Three strong lead performances and good supporting performances make Richard Linklater’s “Last Flag Flying” both spiritedly entertaining and emotionally gripping. Chosen as the opening night attraction for the 55th annual New York Film Festival, the story of three Vietnam War buddies uniting in 2003 and going on a sacred personal mission is constantly involving, as slickly directed by Linklater, who co-wrote the screenplay with Darryl Ponicsan, from whose novel the film was adapted.

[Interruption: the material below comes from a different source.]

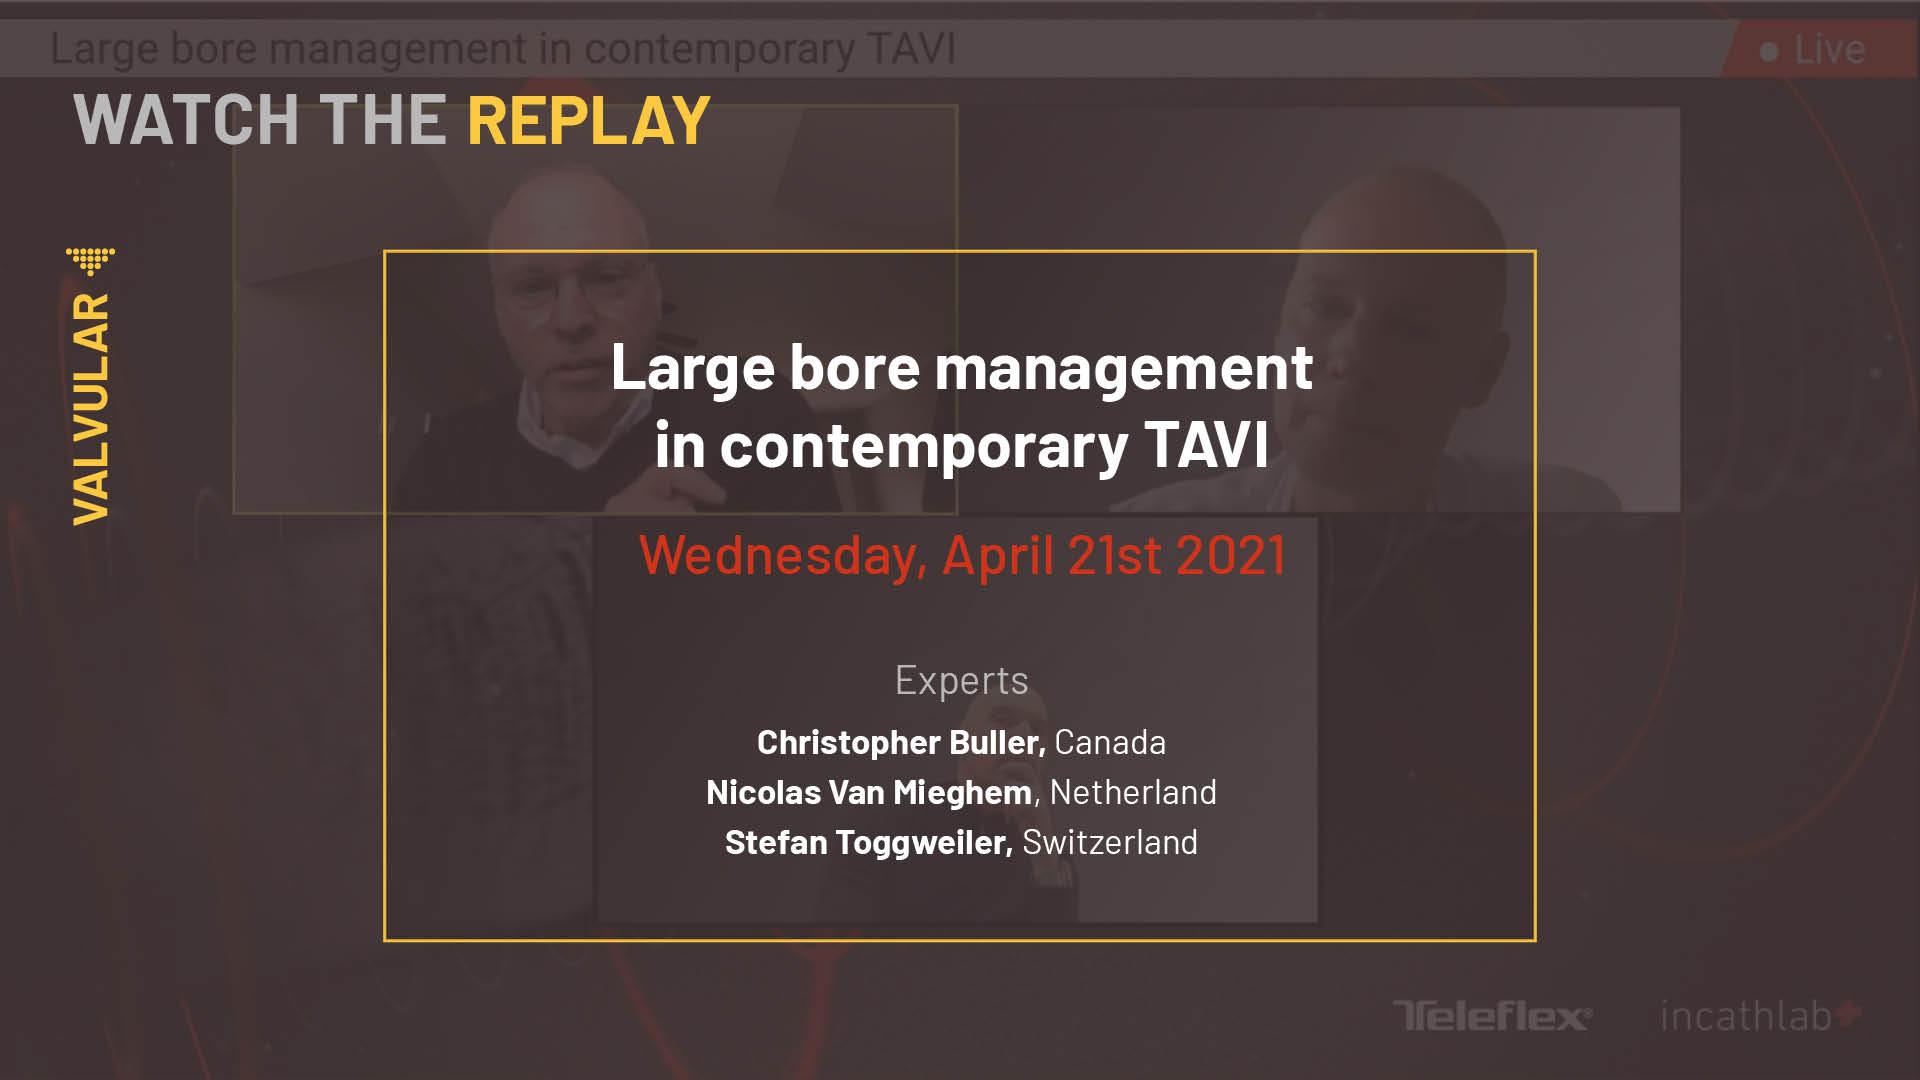 Large bore management in contemporary TAVI

Steve Carell is deeply affecting with his underplaying as Larry (nicknamed Doc), who, we learn gradually, previously lost his wife to illness and has just lost his Marine son in the Iraq war. The film begins by his going into a bar in Norfolk. Virginia, owned by Sal, played by Bryan Cranston, who doesn’t recognize him at first, as they haven’t seen each other since their chummy Vietnam days, when Sal was a Marine and Larry was a clerk in the Navy.
As we get to know Sal bit by bit, we see him as a cynical wise-guy, over-the-top character and a heavy drinker. He is a skeptic, a vet with a wicked sense of humor and one who revels in being hostile to whatever conventional dogma he encounters, and he has come to view the Vietnam War as a useless one. The superb, enticingly colorful performance by Cranston enlivens and dominates the film—it is that good.
Once the guys connect, Larry takes Sal to an undisclosed destination, which turns out to be a church, and Sal is surprised, as he shuns religion and mocks the idea of there being a God. The situation turns out to be hilarious, as the reverend enthusiastically and dogmatically preaching the gospel to an approving congregation, is none other than the African-American Richard Mueller, portrayed by Laurence Fishburne. He has found religion since hell-raising days when as a Marine he was nicknamed Mueller the Mauler. He also drank heavily but has since managed to get off the booze and be happily married. Sal can hardly believe his eyes at the pulpit performance.
Although the situation in which the three soon embark upon is deadly serious--the burial of Larry’s son whose body is being shipped home—the interplay of personalities, their conversations and traveling adventures frequently erupt in comedy. The son is to be honored by burial in the Arlington National Cemetery, but, to the consternation of the military colonel in charge at the Dover base where bodies are shipped, the grieving father decides he wants to have his son interred in his home town of Portsmouth, New Hampshire, and elects to transport the coffin containing the body by a U-Haul truck that Sal hires.
In an emotional scene, contrary to the officer’s advice that Larry not view the body because his son’s face was shot off, Larry insists and when the coffin is opened he is devastated and breaks down in tears.
Then off the men go, with the reverend wanting to opt out, but unable to bring himself to abandon poor Larry. In a way, the film turns into a road movie, with obstacles conquered and a train stop in New York, where Sal insists the two join him in getting cell phones, just burgeoning into habit at the time, and there is much amusement in the escapade.
Stemming from the Vietnam background is a feeling of guilt on the part of the three. A Marine who was fatally wounded died in much pain because all the morphine had been used by the threesome in drug binging and because of which Larry, who became the fall guy, spent a stretch in the brig.
Sal is especially angry at the duplicity on the part of they military, which falsely portrayed Larry’s dead son as having died a hero, while in reality, when he was buying Cokes for his pals, someone sneaked up from behind and put a gun blast into his head. The truth is learned via the son’s mate, who has been ordered to accompany the body. The surviving pal is played superbly by J. Quinton Johnson.
Because he feels guilty about the morphine situation, Sal takes the lead in a visit in Boston to the victim’s mother with the idea of confessing the joint responsibility. The now-elderly mother is moving played by Cicely Tyson, who has also been lied to with a story that her son died saving the lives of other men. Her thrill at thinking the three visitors are those he saved derails the intent to confess. That scene is among the film’s highly emotional ones, thanks especially to Tyson’s typical performing brilliance.
The tone all along has been rejection of both the Vietnam and Iraq actions, although that view doesn’t detract from the men's pride of having served their country. In that sense, the film wants it both ways, as we see in the ultimate deeply emotional burial scene that honors the flag and the uniform, and as it turns out from a letter to Larry from his son, something the young Marine wanted. I have qualms about the film’s split personality at that point. However, it is clear that it stems from depicting the camaraderie of vets who served as required yet find themselves unappreciated and at sea in the ensuing political aftermath and needing a sense of recognition and bonding, which we see them find in this ultimately very satisfying motion picture. An Amazon Studio release. Reviewed October 1, 2017.